◆ Source records ◆
■ ■ ■

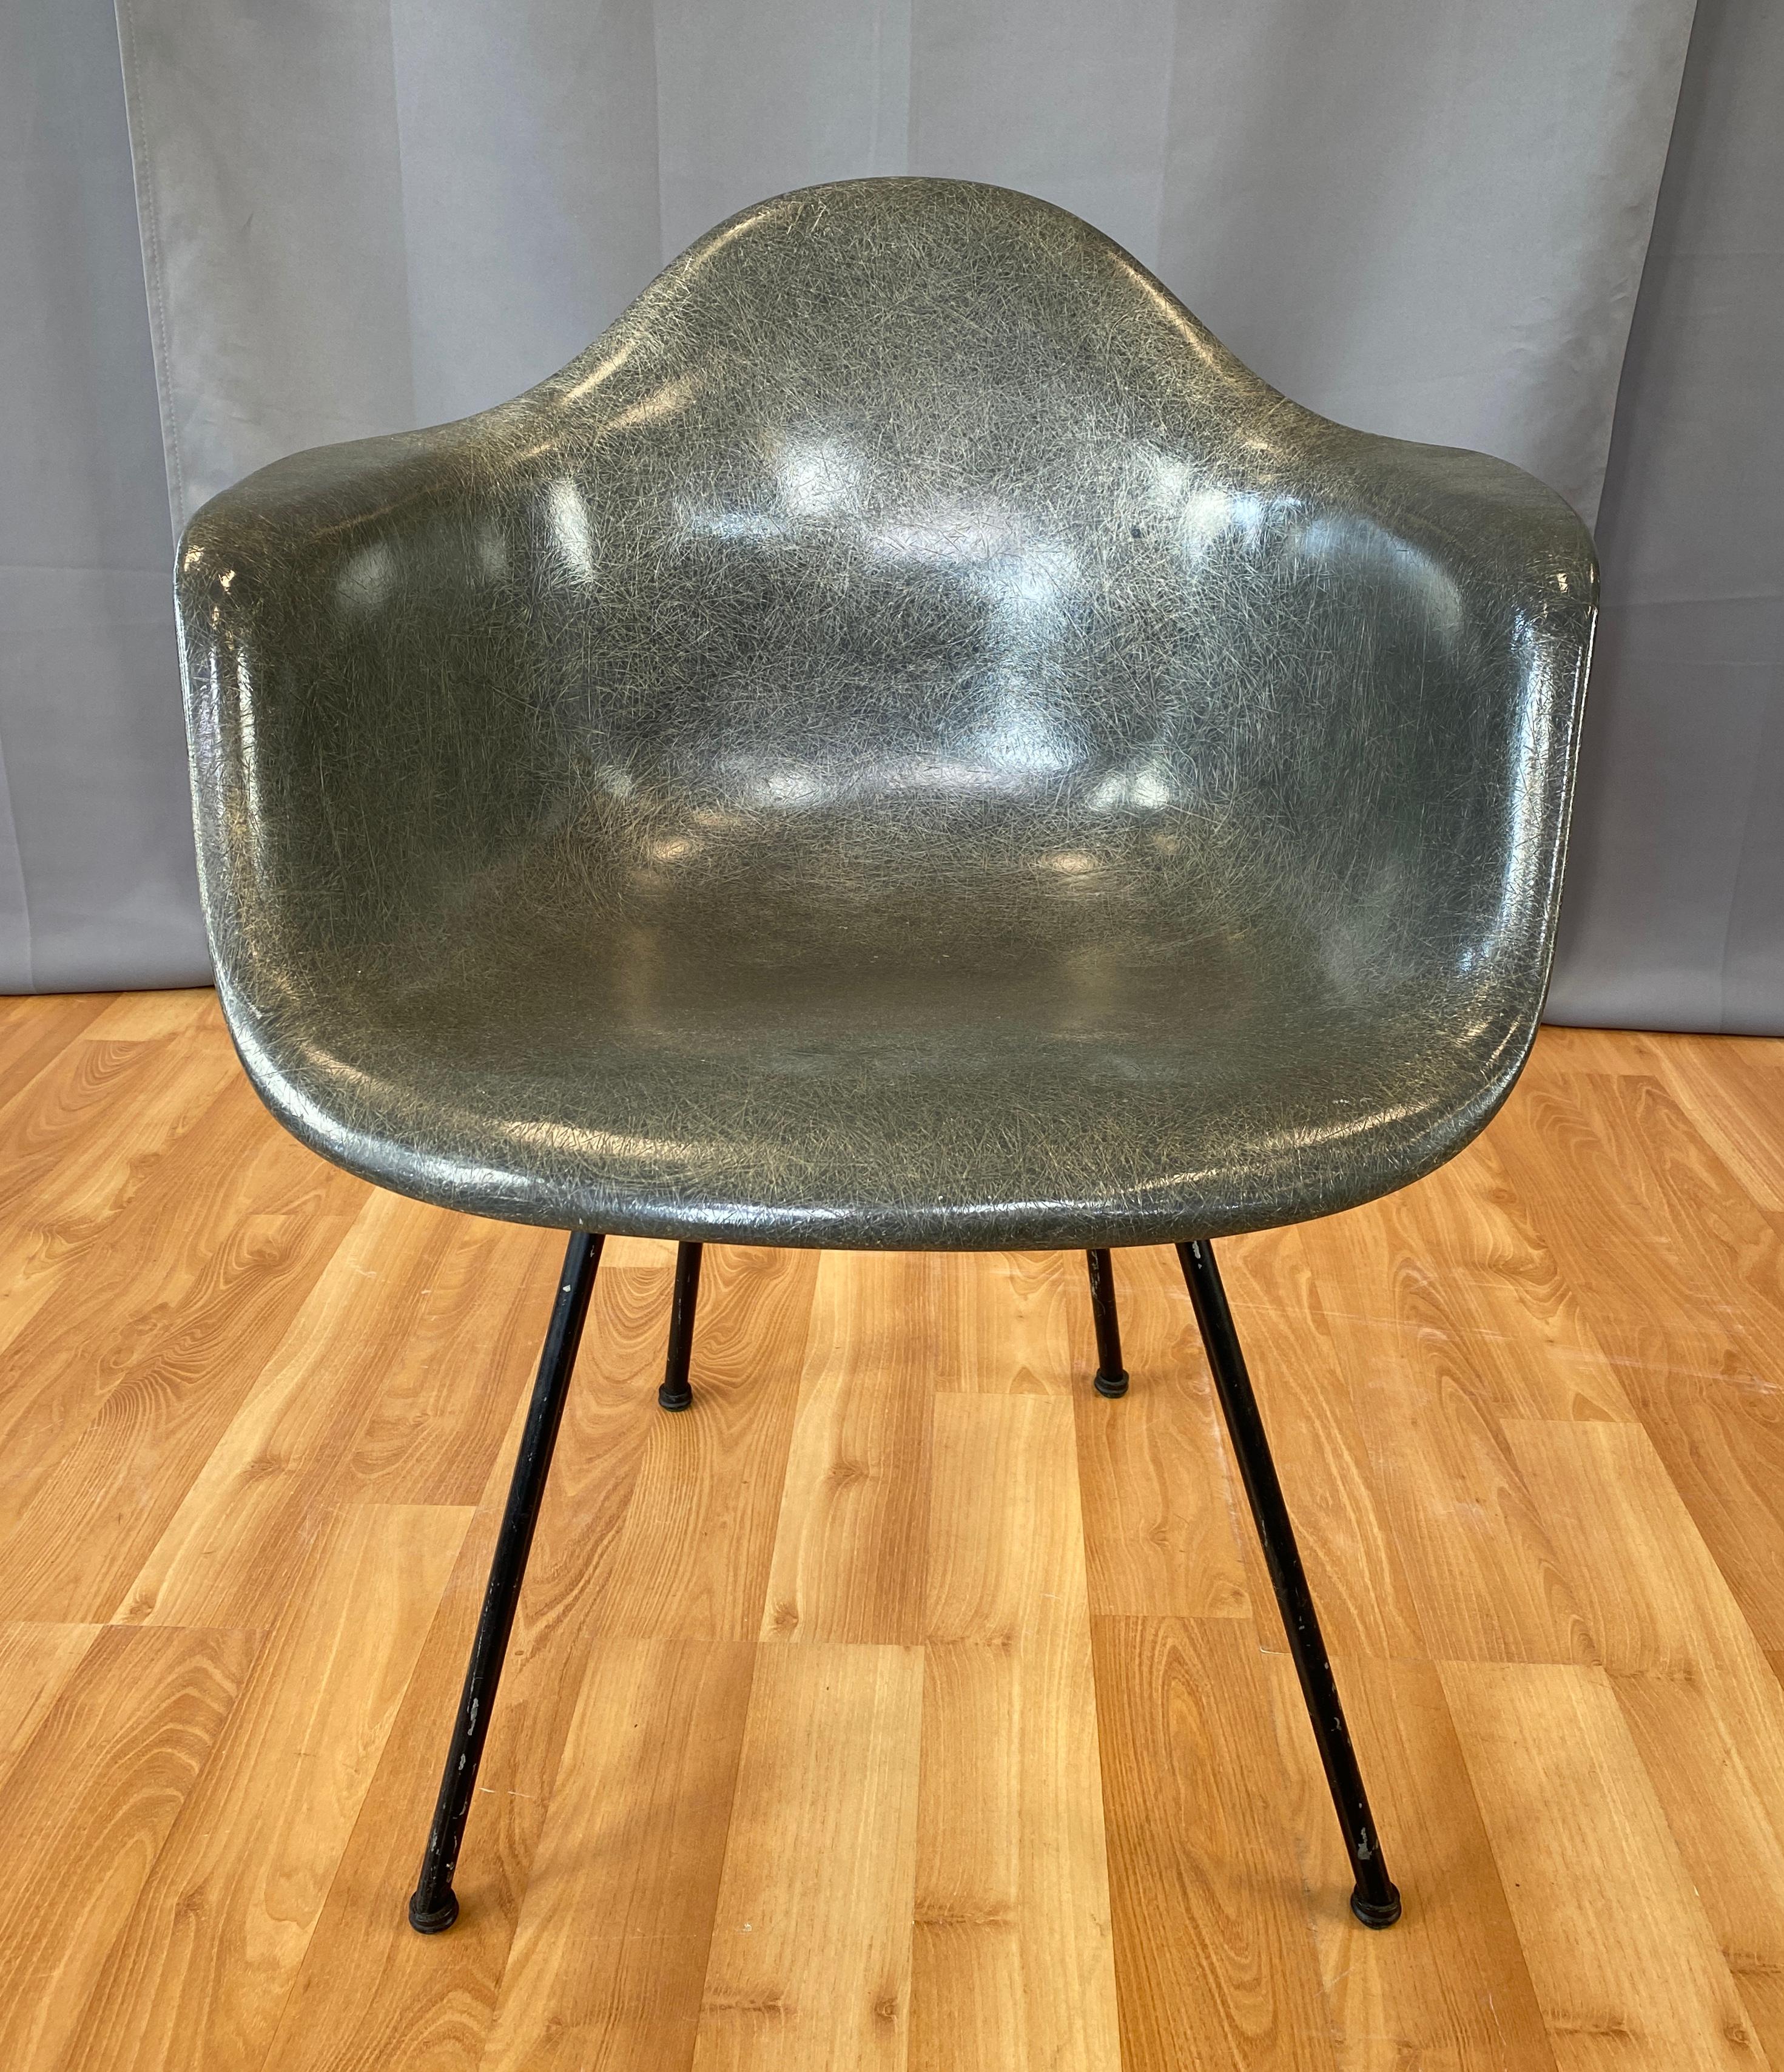 Mid-Century Modern 1st Generation Zenith Plastic Rope Edge Chair, Charles Eames for Herman Miller A
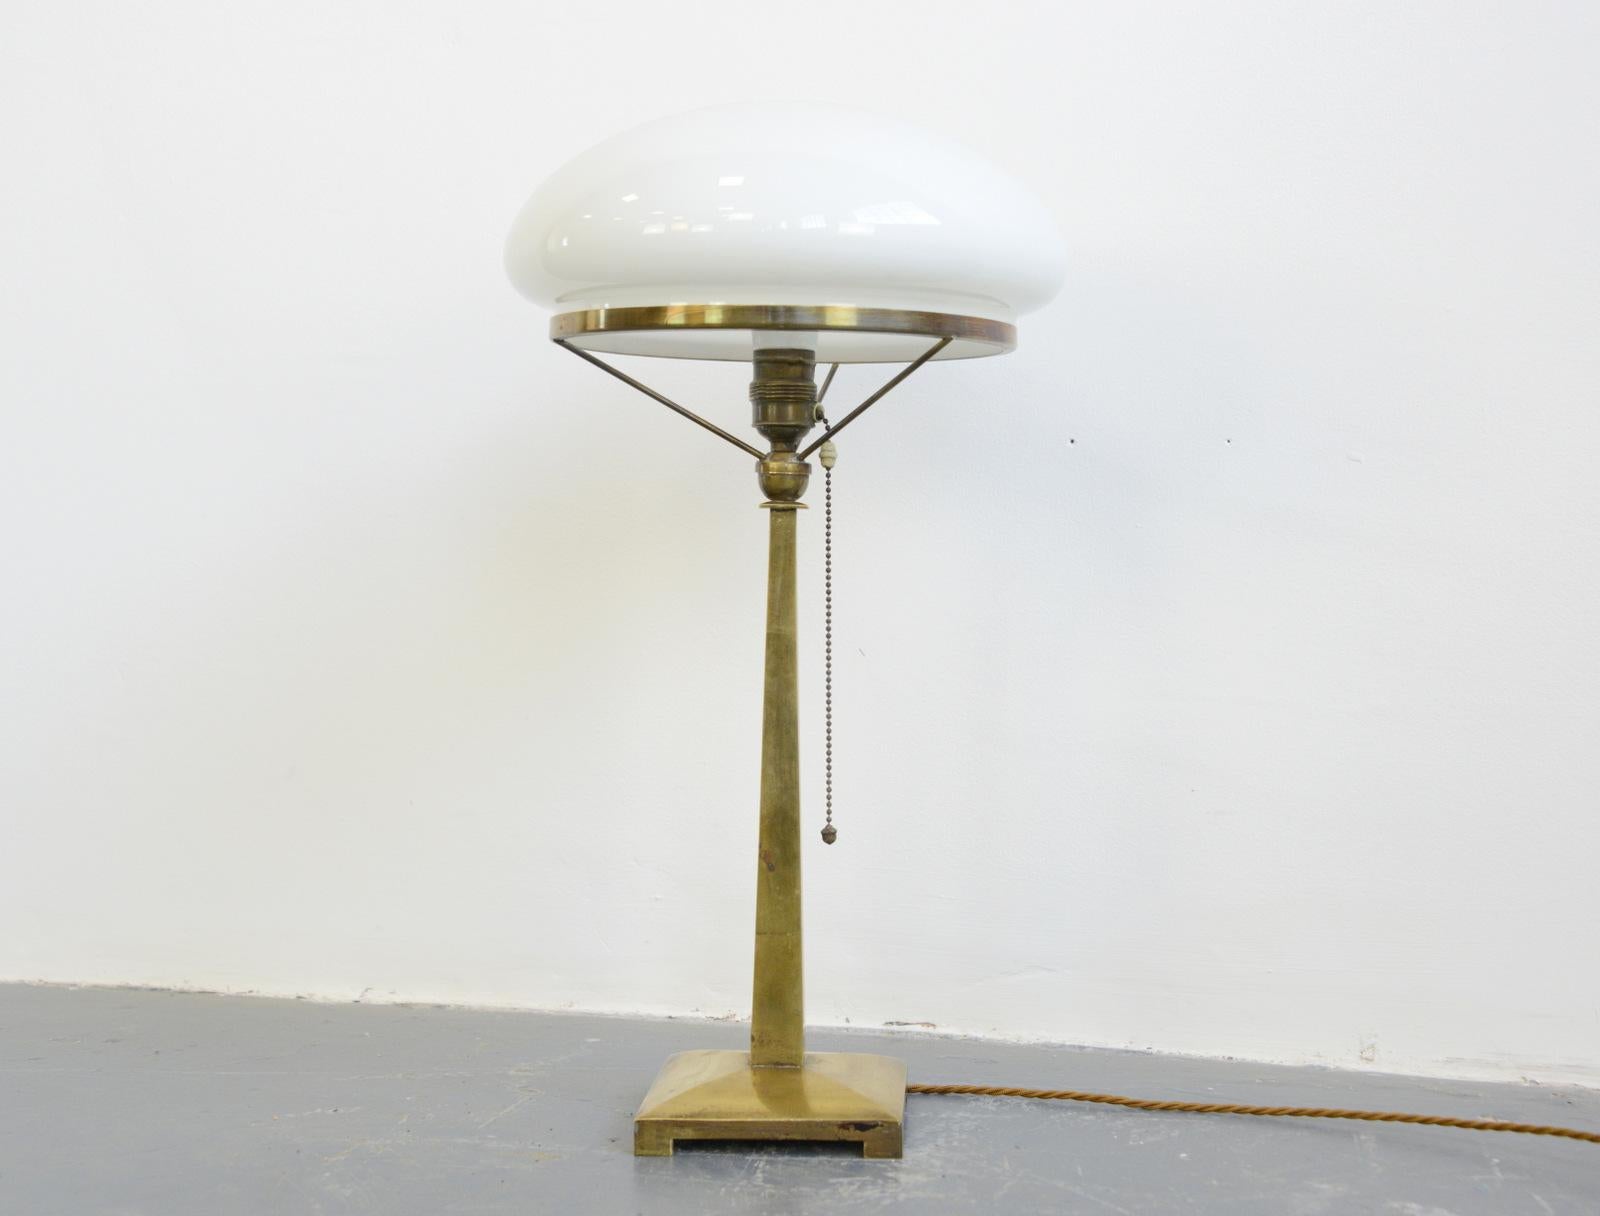 Danish Art Nouveau table lamp, circa 1910

- Opaline glass shade
- Brass base
- Original bulb holder and pull cord
- Takes E27 fitting bulbs
- Danish, 1910
- Measures: 58 cm tall x 30 cm wide x 30 cm deep

Condition report:

Re wired with

■ ■ ■

◆ Task prompt ◆
Every record above must reappear exactly in the answer, minus its pictures.

◆ Reply ◆
 Mid-Century Modern 1st Generation Zenith Plastic Rope Edge Chair, Charles Eames for Herman Miller A
 Danish Art Nouveau table lamp, circa 1910

- Opaline glass shade
- Brass base
- Original bulb holder and pull cord
- Takes E27 fitting bulbs
- Danish, 1910
- Measures: 58 cm tall x 30 cm wide x 30 cm deep

Condition report:

Re wired with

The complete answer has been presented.